Observamos principalmentes nas cenas da mesa de jantar, que Paula assume o papel de intérprete
de todos. Ela também acaba administrando boa parte dos negócios da família, produtora de leites
e queijo em uma fazenda (assim, Paula necessita ser intérprete entre clientes e os pais, por
exemplo). Vemos no filme, logo de princípio, uma adolescente com responsabilidades marcantes
para com a família, ao passo em que ainda é vista pelos pais como uma criança.
Ao desenvolver do filme acabamos, como telespectadores, percebendo que por trás de
todas essas responsabilidades, Paula não deixa de ser uma típica adolescente, com seus medos,
inseguranças, paixões, irritações, privações, a busca por independência, etc. Vamos, portanto,
acompanhando curiosos essa fase da vida de Paula, não só no âmbito familiar, mas no escolar,
onde Paula começa a se descobrir. A garota entra no coral da escola, por estar interessada em um
novo aluno, e lá, acompanhada de seu professor rigoroso, acaba revelando o seu dom para o
canto. O professor sugere que tanto ela quanto o garoto se preparem para a seleção de uma escola
de canto famosa, em Paris. No caso de Paula ser aprovada, isso significaria a iminente mudança
para a capital, tendo que se despedir da família e, principalmente, deixar de exercer o seu papel
de intérprete. Por isso, Paula prefere não contar nada aos pais sobre o tal concurso.

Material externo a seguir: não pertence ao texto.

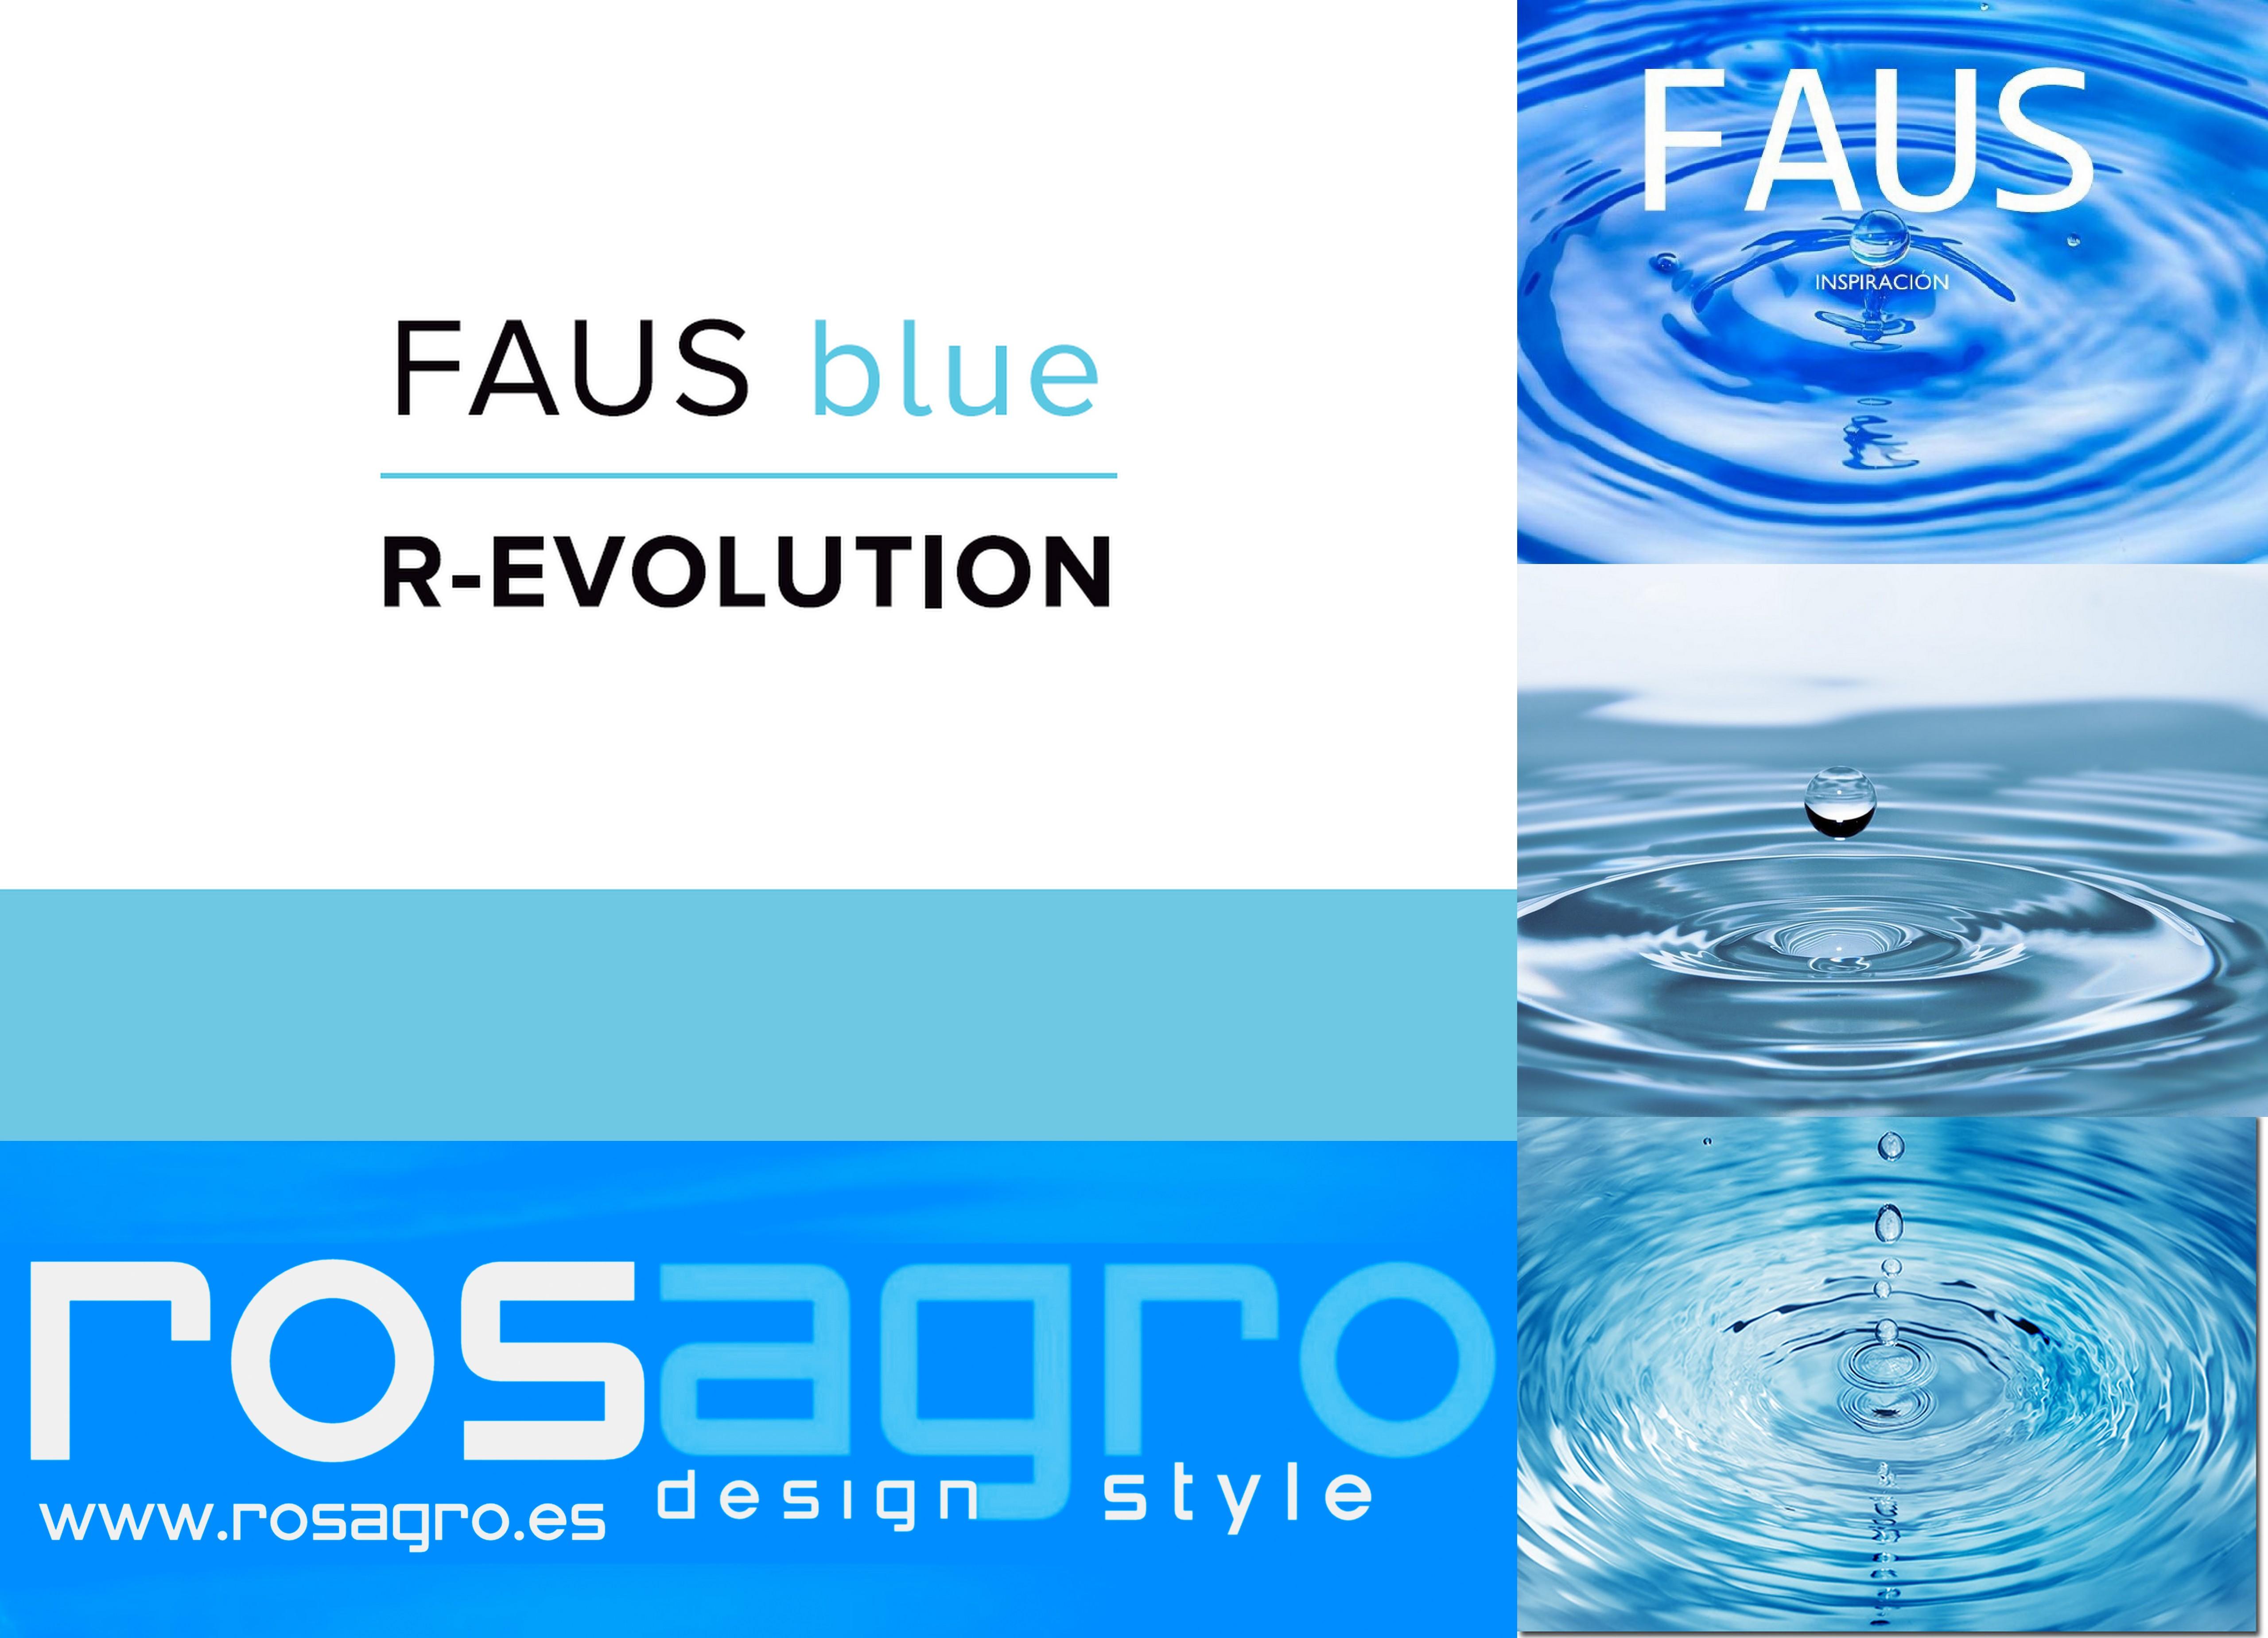 FAUS R-EVOLUTION BLUE VINILICO

Aproximando-se o final do filme, os pais, Gigi e Rodolphe, acabam por descobrir que
Paula teria essa possibilidade de se mudar (quando a garota conta em uma janta), e ali se instaura
um conflito familiar. Os pais custam muito a aceitar que Paula pode os deixar. Isso os obrigaria a
se reorganizar dentro da família, revendo seus conceitos sobre si e sobre a filha, evidenciando
um grande grau de dependência que tinham com Paula. Percebendo o desconforto, a garota
desiste de ir ao concurso para ficar com seus pais.
Gigi é quem mais externaliza revolta com a situação. Em um dado momento, embriagada,
ela diz que Paula deveria ter nascido surda. Afirma ter sido uma má mãe, ao mesmo tempo em
que se mostra incrédula pela filha cantar - “só faltaria você ser alérgica ao leite de vaca”. A
garota, magoada, pergunta se ela está condenada a passar a vida vendendo queijo por não ter tido
a sorte de nascer surda. O casal se abraça, e o pai a manda ir, pois eles ficarão bem sozinhos.
A reviravolta começa com Rodolphe, que se dispõe a ouvir a filha. Paula tem uma
apresentação com o coral, onde conta com a presença dos pais. A única devolução que eles
podem oferecer, contudo, é dizer o quanto ela estava linda. Eles voltam para casa, e pai e filha
têm um momento a sós no jardim. Ele pede que ela cante ali para ele. Ele põe uma mão no peito
e a outra nas costas dela, podendo sentir o som saindo da boca dela. Emocionado, ele apoia a
filha no sonho de ir a Paris estudar o canto, e o seu apoio reverbera em toda a família.
O filme termina por uma cena emocionante da adolescente na apresentação do concurso
na escola de Paris, sendo acompanhada pelos olhos cheios de orgulho dos pais da menina.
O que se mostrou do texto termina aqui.